Input data:
-- Opening Marker --

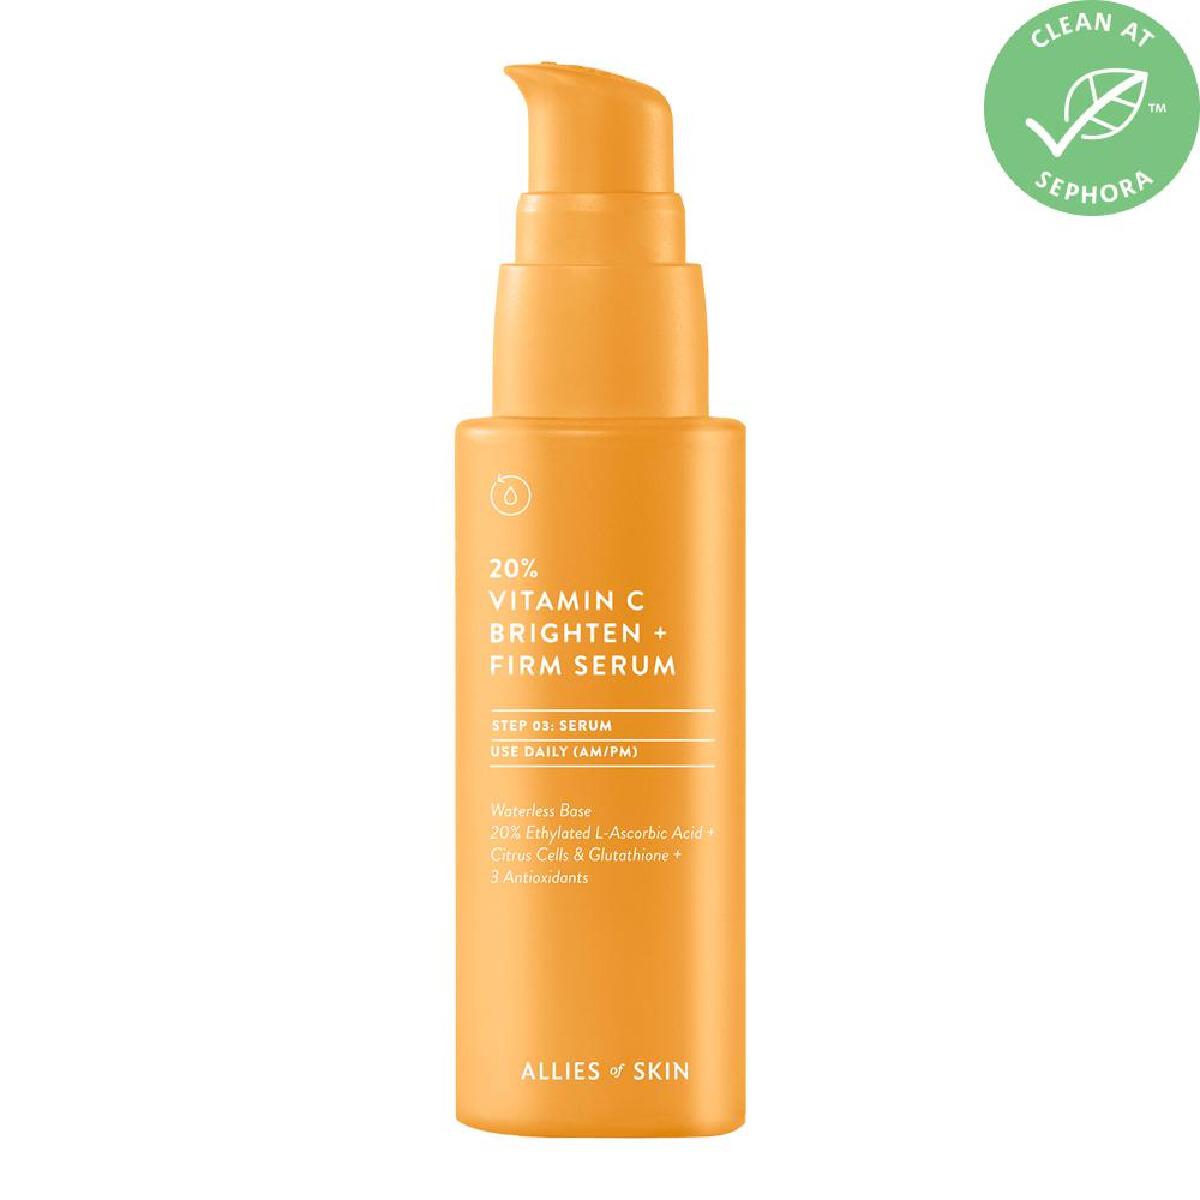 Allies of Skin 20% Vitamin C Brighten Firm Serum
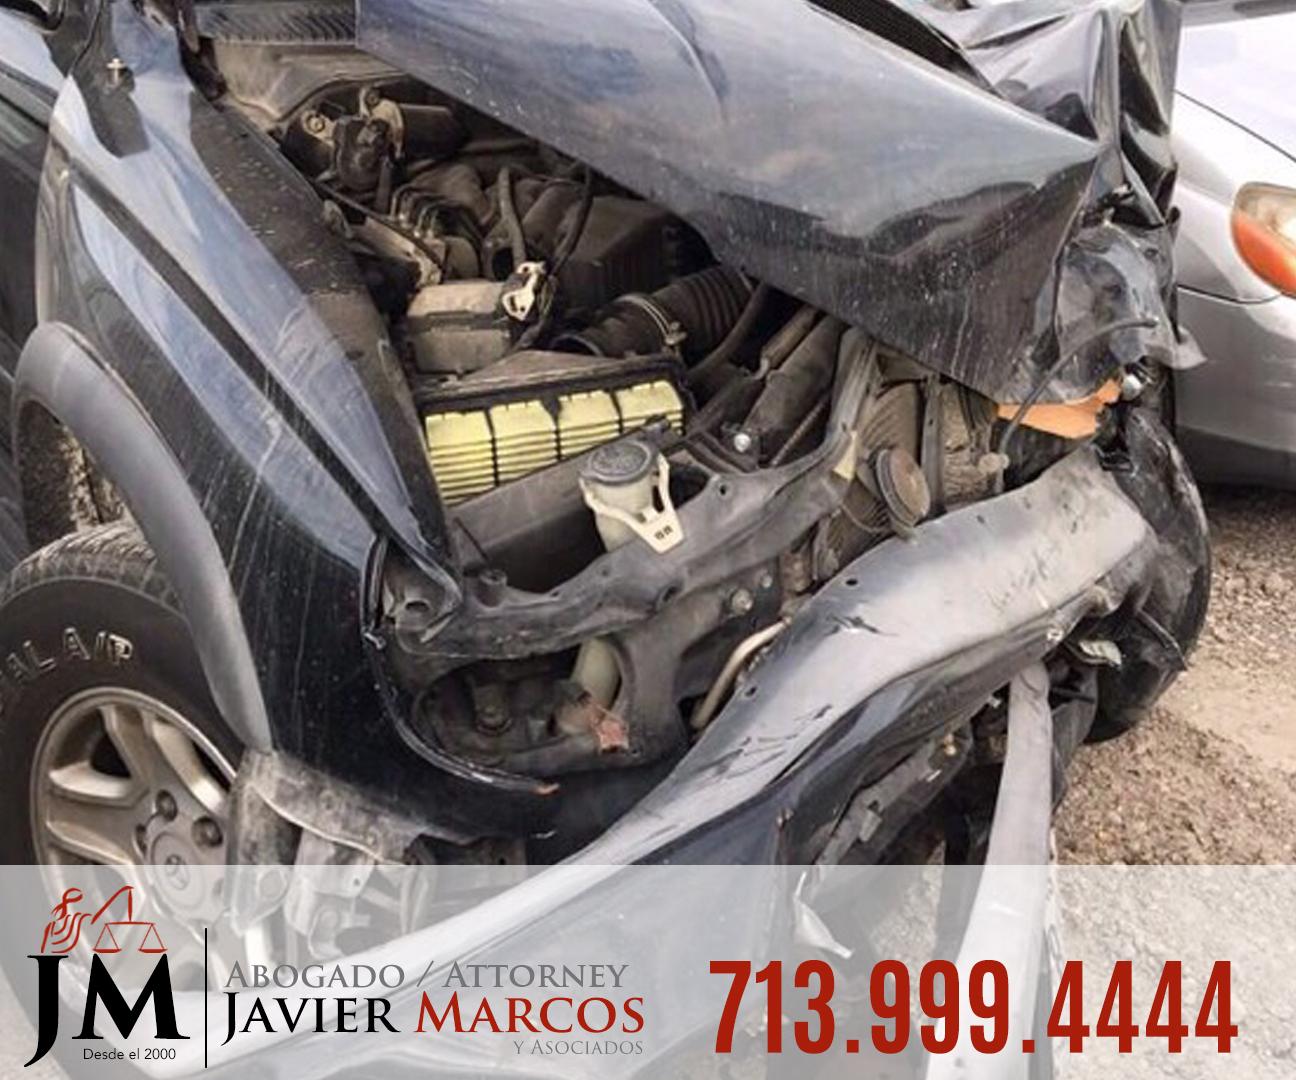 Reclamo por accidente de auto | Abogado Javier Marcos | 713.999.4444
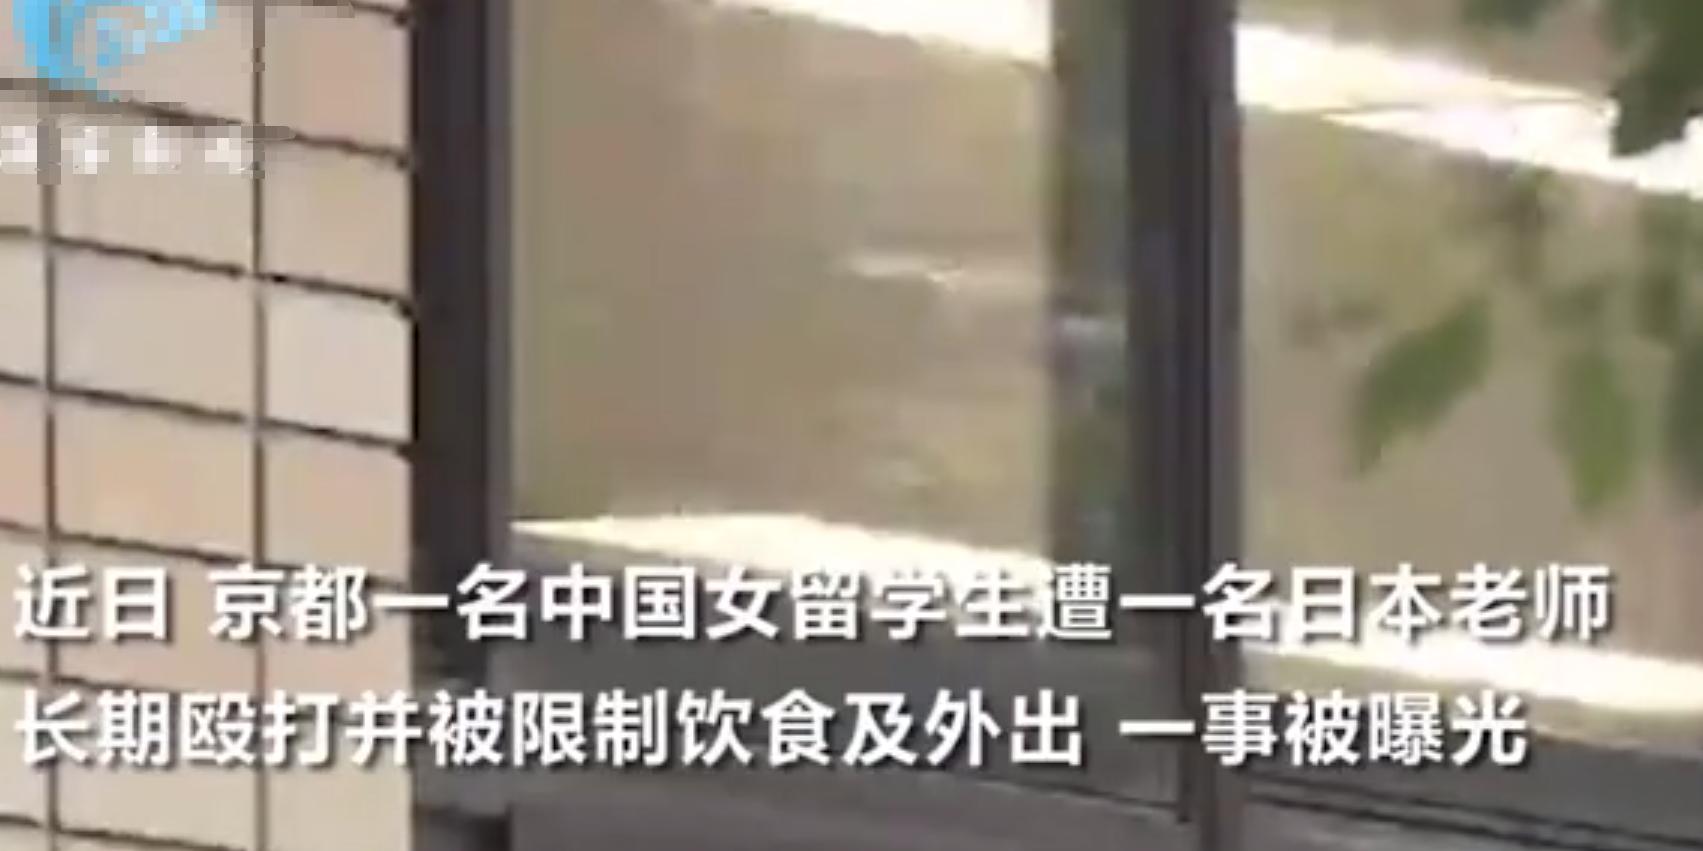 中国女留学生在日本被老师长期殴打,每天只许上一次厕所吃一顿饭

-- Closing Marker --

What is needed: Retype all the data exactly. Omit pictures.

Response box:
 Allies of Skin 20% Vitamin C Brighten Firm Serum
 Reclamo por accidente de auto | Abogado Javier Marcos | 713.999.4444
 中国女留学生在日本被老师长期殴打,每天只许上一次厕所吃一顿饭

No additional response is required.